Paul Goggins: I agree strongly with my hon. Friend. It is true that sometimes I have to make some very difficult decisions on those matters. It is important that burial authorities have due regard to the needs of bereaved families at such a difficult and sensitive time. I want to see a commitment not only on that issue but on death certification, too, where it is vital that our public officials, who bear responsibility for those services, have due regard to the feelings of families.

Gun Crime

2. Mr. Gordon Prentice (Pendle) (Lab): How many drive-by shootings have been recorded in each of the last three years; and if he will make a statement. [191191]

4. Alan Simpson (Nottingham, South) (Lab): What action he is taking in response to the latest incidents of gun crime in Nottingham. [191193]

The Secretary of State for the Home Department (Mr. David Blunkett): This is the first opportunity that I and the House have had to send our condolences and our heartfelt sympathies to the family and friends of Danielle Beccan. All gun crime is a tragedy, but the death of a child is a bigger tragedy than any other.

We do not collect statistics on drive-by shootings, but the statistics we do collect demonstrate a fall in the number of deaths from gun crime over the last three years, while there was a rapidly rising curve until 2001 in relation to the use of guns. That has been stabilised but it is still not acceptable. Although 77 per cent. of all gun crime ends up with no one being hurt and only 18 per cent. have some minor hurt, it is a tragedy for individuals, families and communities that even a small number of people are killed by guns. It is, therefore, beholden on all of us to ensure that we join together to find the solutions.

Mr.

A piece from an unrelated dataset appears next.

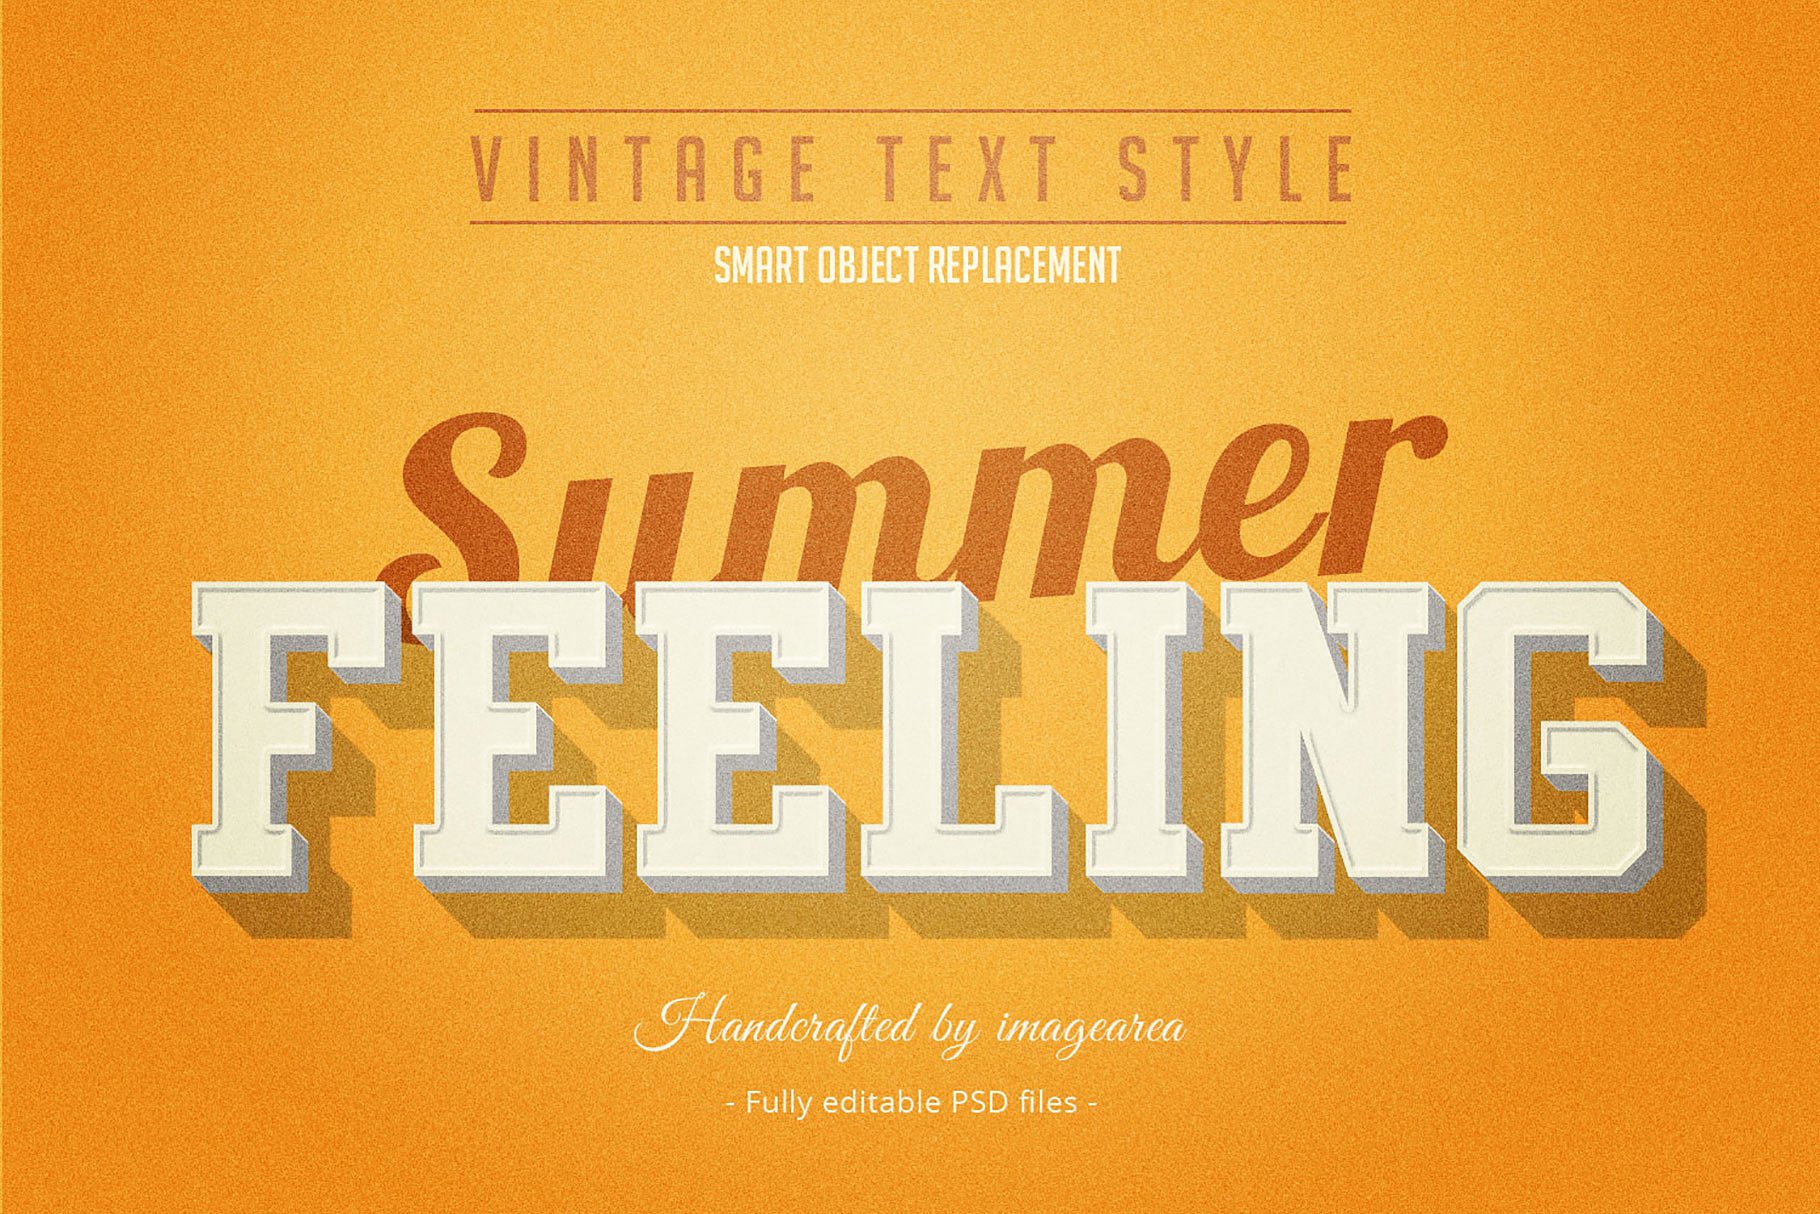 复古条纹风格文本图层样式 Vintage / Retro Text Styles插图(3)

Prentice: I thank my right hon. Friend for that reply; we all think of the victims of those senseless, drive-by shootings. Did he see the piece in The Observer yesterday, quoting the Manchester police, who say that the average life expectancy of those involved in gun crime in Manchester is 24? Who are the people supplying those guns? Surely we need to come down like a ton of bricks on those who supply illegal firearms. A sentence of five years is far too lenient.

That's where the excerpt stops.